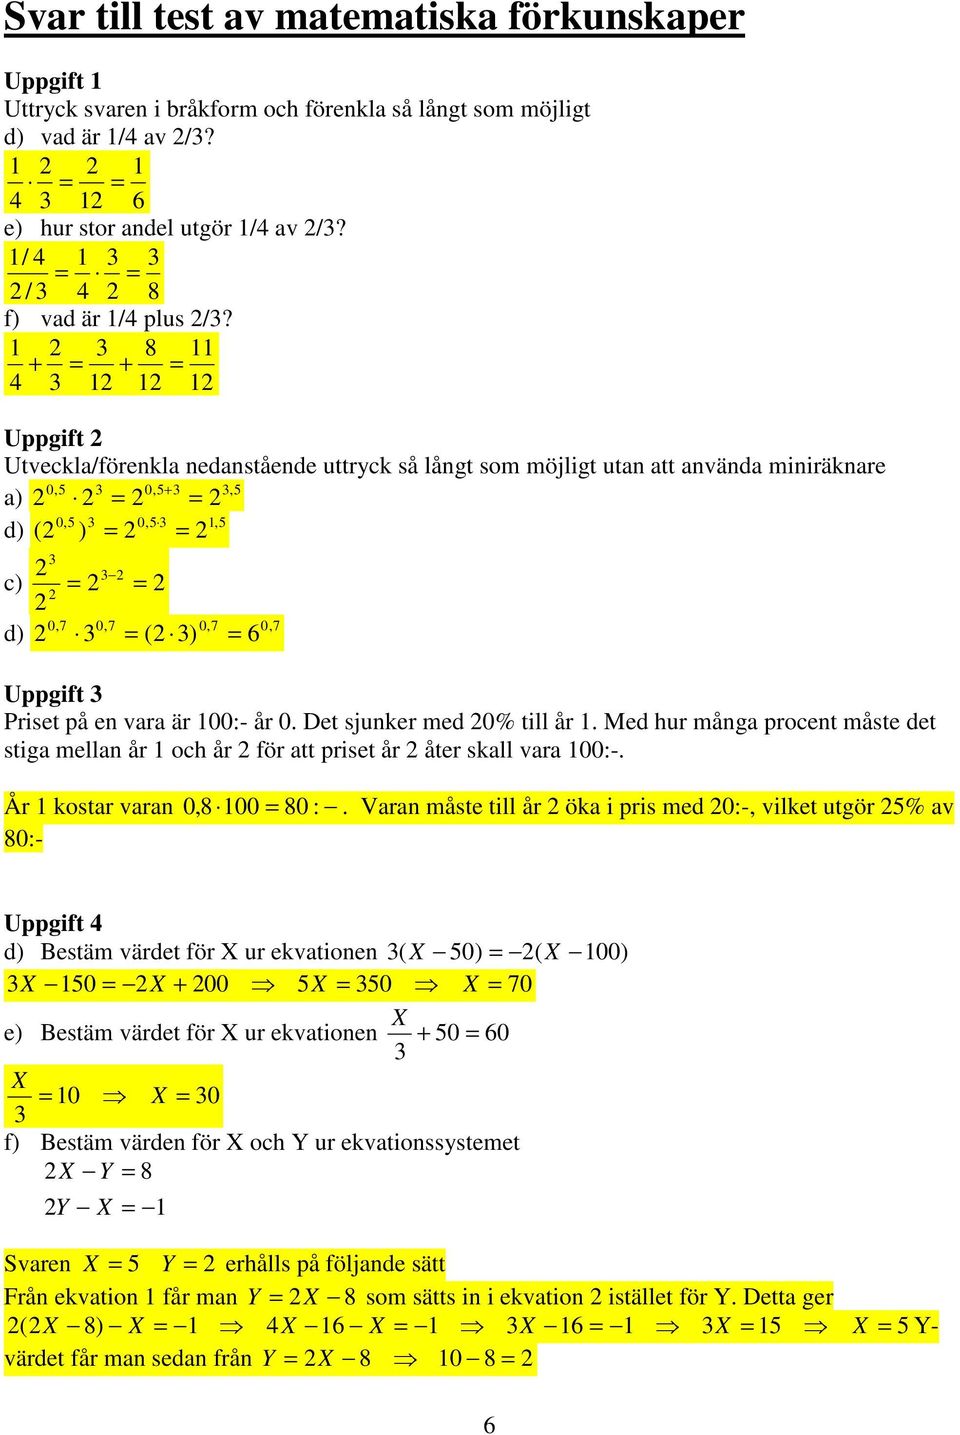 1 3 8 11 + = + = 4 3 1 1 1 Uppgift Utveckla/förenkla nedanstående uttryck så långt som möjligt utan att använda miniräknare 0,5 3 0,5+ 3 3,5 a) = = 0,5 3 0,5 3 1,5 d) ( ) = = 3 3 c) = = 0,7 0,7 0,7
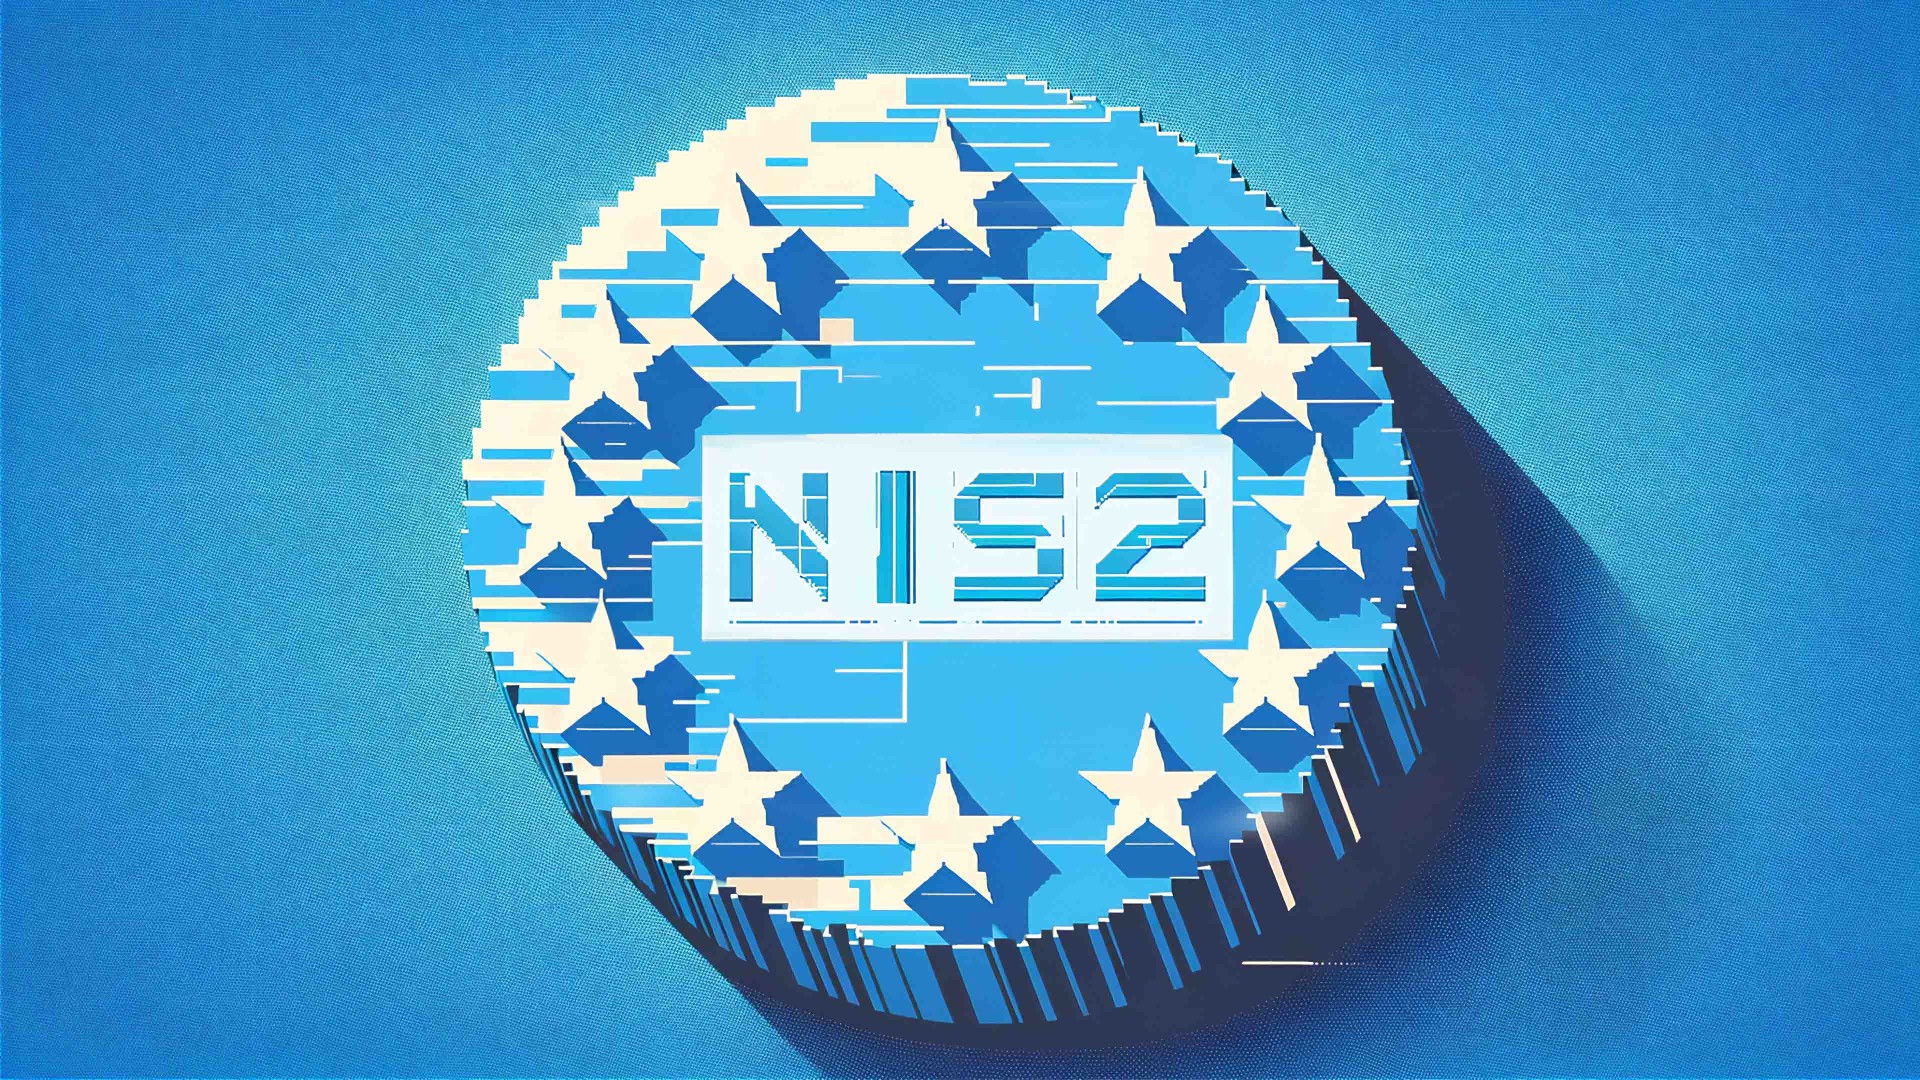 NIS2 - Netzwerksicherheit und Informations-sicherheit
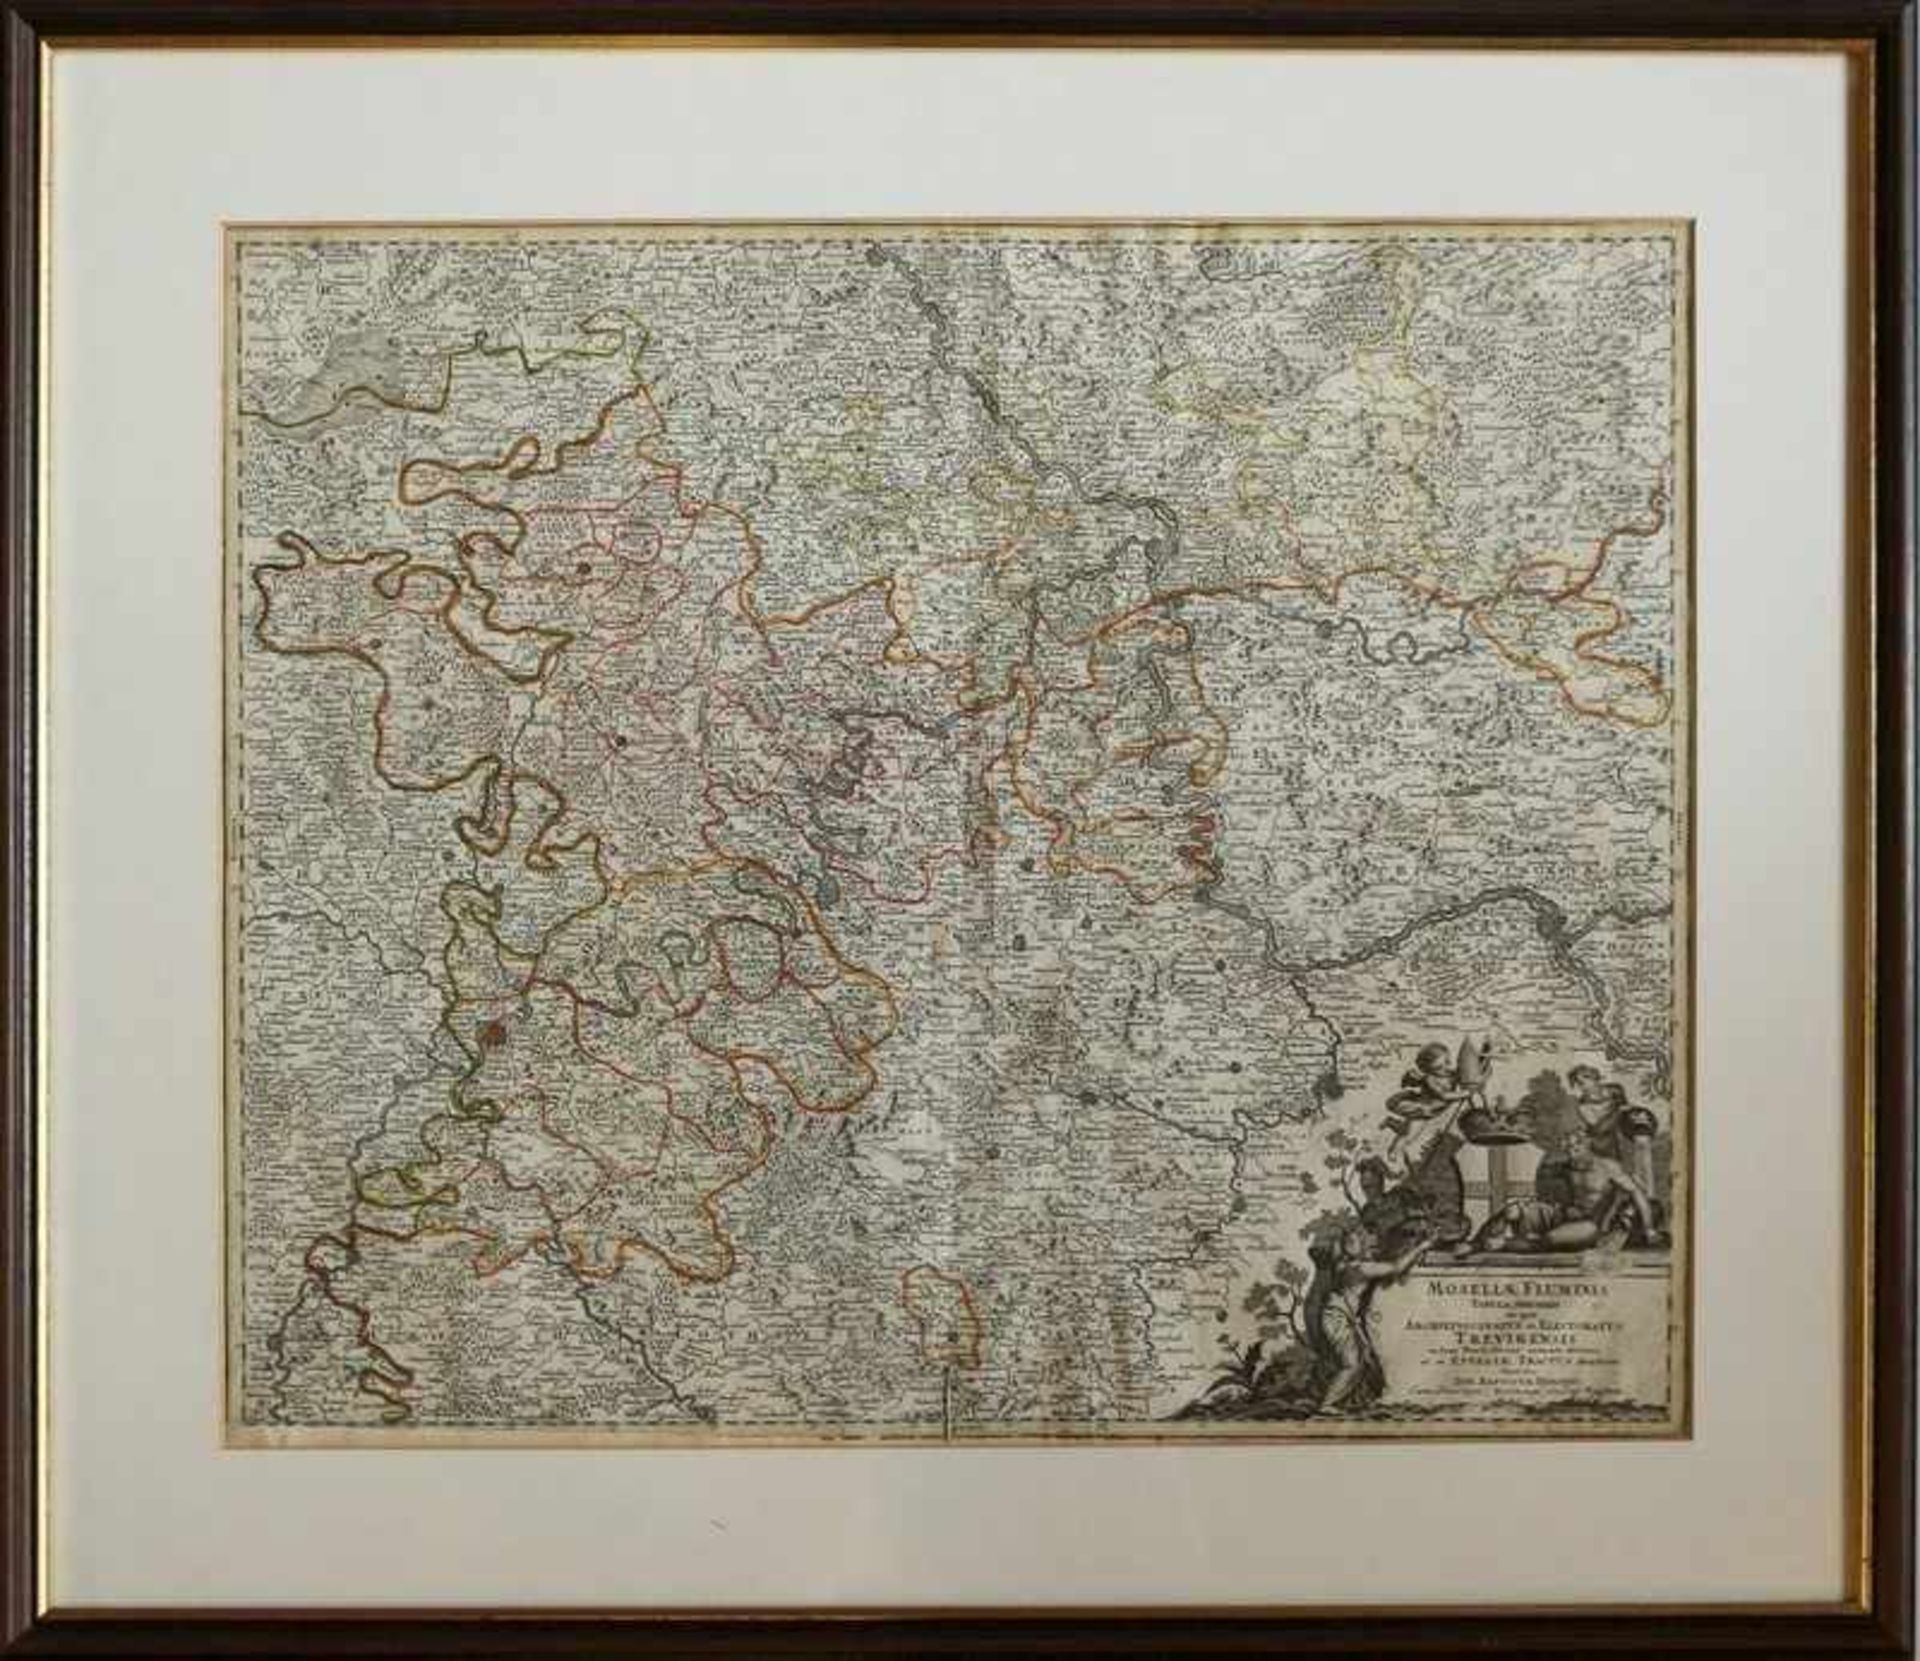 Karte - Homann, Johann Baptist 1664 Oberkammlach-1724 Nürnberg, dtsch. Kartograph, Kupferstecher
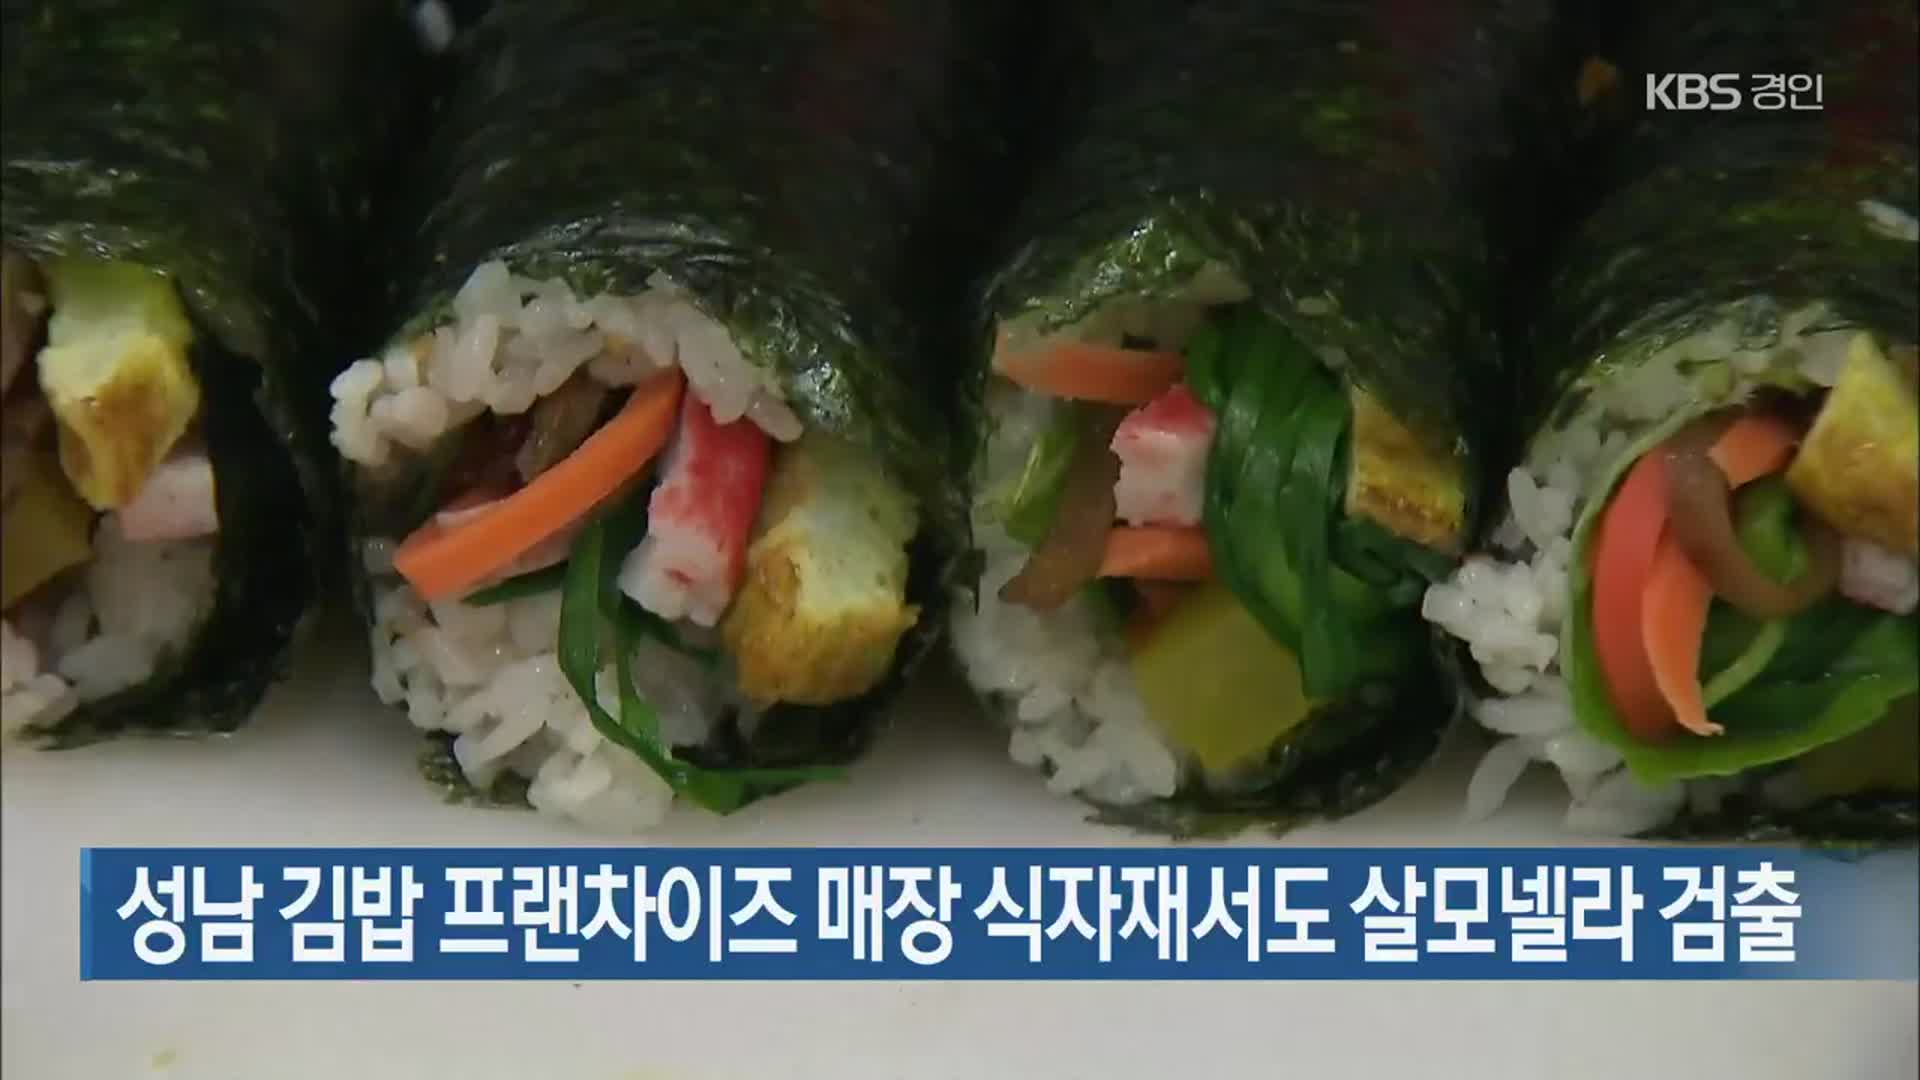 성남 김밥 프랜차이즈 매장 식자재서도 살모넬라 검출

Task details: The lines from the one containing "Karte - Homann, Johann" to the end of the material must be output exactly, both ends included; no picture may appear.

Written reply:
 Karte - Homann, Johann Baptist 1664 Oberkammlach-1724 Nürnberg, dtsch. Kartograph, Kupferstecher
 성남 김밥 프랜차이즈 매장 식자재서도 살모넬라 검출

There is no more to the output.